Supporters of expanding access to abortion in Ohio won a major victory Tuesday night, defeating a ballot measure that would have made it more difficult to amend the state’s constitution. The Associated Press called the special election with an estimated 37% of the votes in, declaring that voters in the Buckeye State rejected Ohio Issue 1.
Issue 1 would not have changed abortion policy directly, but it would have raised the threshold to pass a ballot measure in the state from a simple majority to 60%. Republicans in the state Legislature had called the special election, hoping to undercut a vote in November that will decide whether to amend the state’s constitution to establish protections for reproductive health.
The difference between 50% and 60% could make or break the November vote. A poll last month found support for protecting abortion rights at 58%, in line with a survey last fall that found it at 59%.
The campaign for Issue 1
After a lengthy legislative battle, the Ohio Ballot Board approved the measure in May. Tuesday’s vote was the first statewide election held in August since 1926, and the estimated cost of the special, single-issue election was around $20 million.
Millions were spent on the race, with supporters of Issue 1 arguing that raising the bar to pass an amendment to the state’s constitution would protect Ohio from the influence of out-of-state political donors. (The measure’s top financial supporter was an Illinois businessman.) Conservatives also attempted to paint the fight over Issue 1 and November’s vote on reproductive rights as being about parental rights and gender-affirming care for transgender patients.
Opponents argued that the amendment would infringe on freedom and the democratic process in a state that already has a pro-GOP partisan gerrymander. A super-PAC against Issue 1 released an ad last month in which a couple in their bedroom are interrupted by an actor who identifies himself as a Republican legislator, grabs the condom they’re reaching for and says, “Now that we’re in charge, we’re banning birth control.”
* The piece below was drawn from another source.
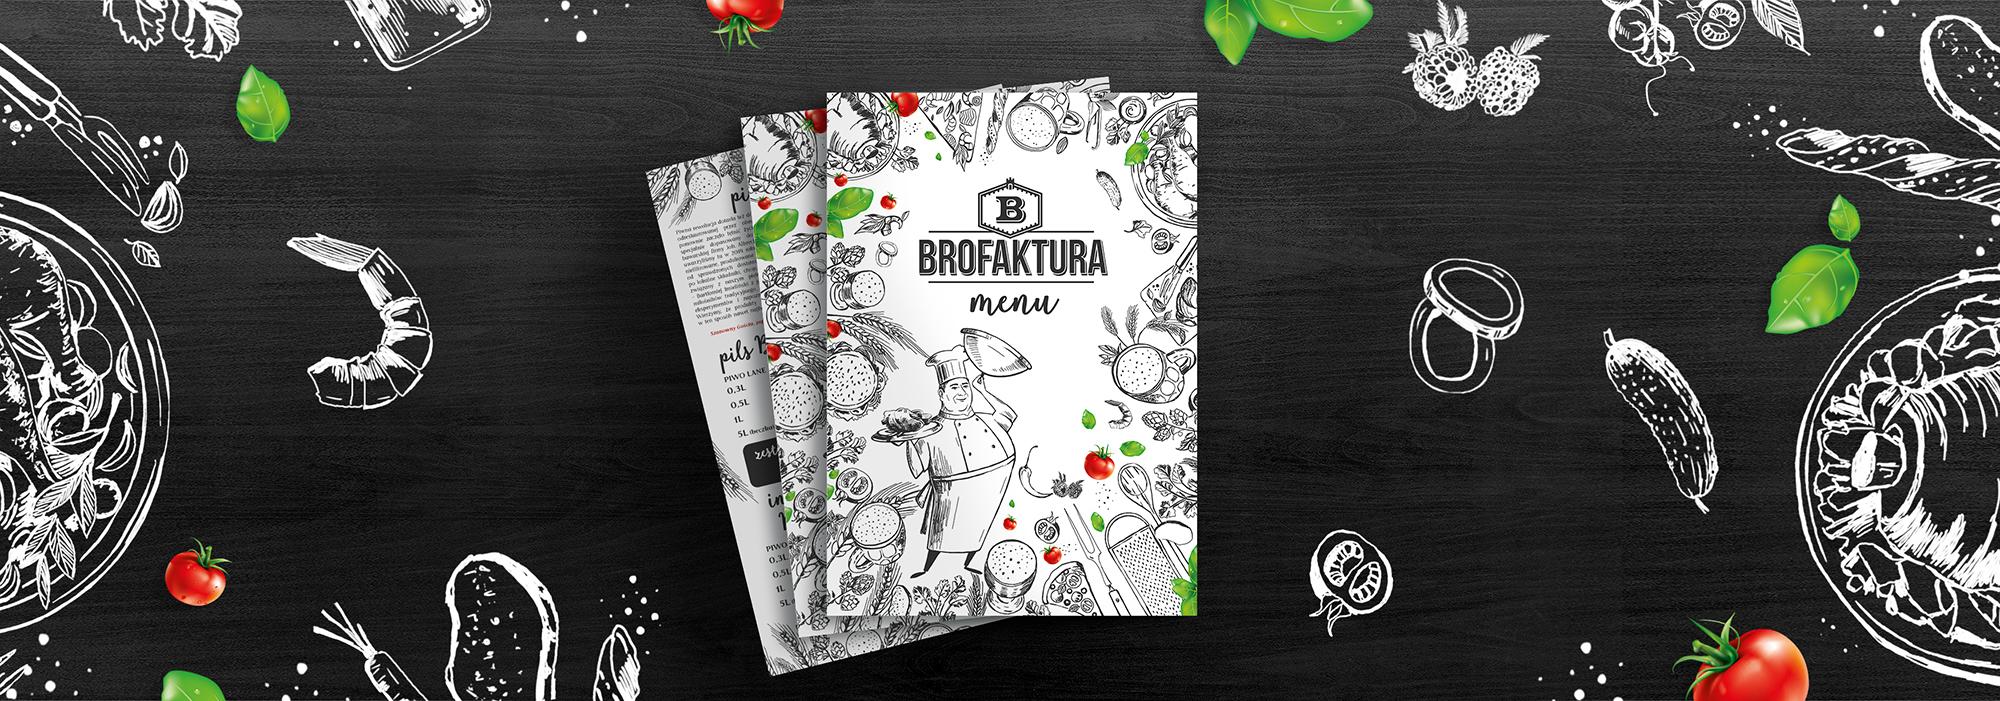 Brofaktura - Siedlecki Browar Restauracyjny 2

Early voting was substantial, with hundreds of thousands of Ohioians returning their ballots before Tuesday. Officials in Cincinnati said that early ballots on Issue 1 were expected to exceed the number cast in the 2022 midterms. The short turnaround from the announcement of the special election to voting day resulted in problems with staffing and even forced a change of location for some polling sites only days before the election, affecting 47,000 voters.
In addition to raising the required vote threshold, the passage of Issue 1 would have also made it harder to get measures on the ballot in the first place, by requiring signatures from all 88 of Ohio’s counties, double the current requirement. It would also have eliminated the current 10-day period allowing for the replacement or correction of signatures that are found to be invalid. Citizen-led voting initiatives in Ohio have been infrequent and rarely successful. Since 1912, when residents gained the ability to propose constitutional amendments, 71 have been proposed, but only 19 have passed.
The Ohio effort is in line with nationwide GOP attempts to make it more difficult to introduce ballot measures. Across the country, even states that generally vote Republican have been supporting not just abortion rights but issues like expanding Medicaid and legalizing marijuana.
One year ago, Republican lawmakers in Kansas sought to pass a constitutional amendment eroding abortion protections, by putting the issue to a vote in a late-summer ballot. Such elections typically attract fewer voters than those held in November. The Kansas amendment, however, was soundly rejected.
The present and future of abortion policy in Ohio
Abortion is currently legal in Ohio until fetal viability, or about 22 weeks of pregnancy. After the Supreme Court’s decision last summer to overturn Roe v. Wade, Ohio lawmakers passed a bill that banned abortion after six weeks. As a result of the new law, in July last year, the case of a 10-year-old rape victim from Ohio drew attention. At just over six weeks pregnant, she had to travel to neighboring Indiana for an abortion.
A judge has since blocked the law, but the ruling is currently being appealed, leaving open the possibility of an effective statewide abortion ban. (Medical experts who have spoken to Yahoo News have argued that describing legislation to limit abortions after six weeks as “heartbeat bills” is misleading.)
In the meantime, the right to an abortion is not explicitly protected by the state’s constitution. That could change in November, when the Buckeye State will vote directly on a measure titled “The Right to Reproductive Freedom with Protections for Health and Safety.”
Issue 1 was placed on the ballot by the state Legislature, but the abortion amendment is a citizen-led measure that will come to voters after organizers acquired 500,000 signatures from 55 counties, exceeding the requirement, a total of 413,487 signatures from 44 counties. If approved in November, it would establish a right for every Ohio resident to “make and carry out one’s own reproductive decisions,” which include abortion, contraception, miscarriage care, fertility treatment and continuing pregnancy.
The results of Tuesday’s special election eliminate one hurdle for abortion rights advocates before November’s election, allowing for passage of the constitutional protection by a simple majority of votes.
In the November midterms last year, California, Michigan and Vermont voters passed ballot initiatives that enshrined the protection of abortion rights in their state constitutions. Next year, voters in New York and Maryland will also decide on similar measures.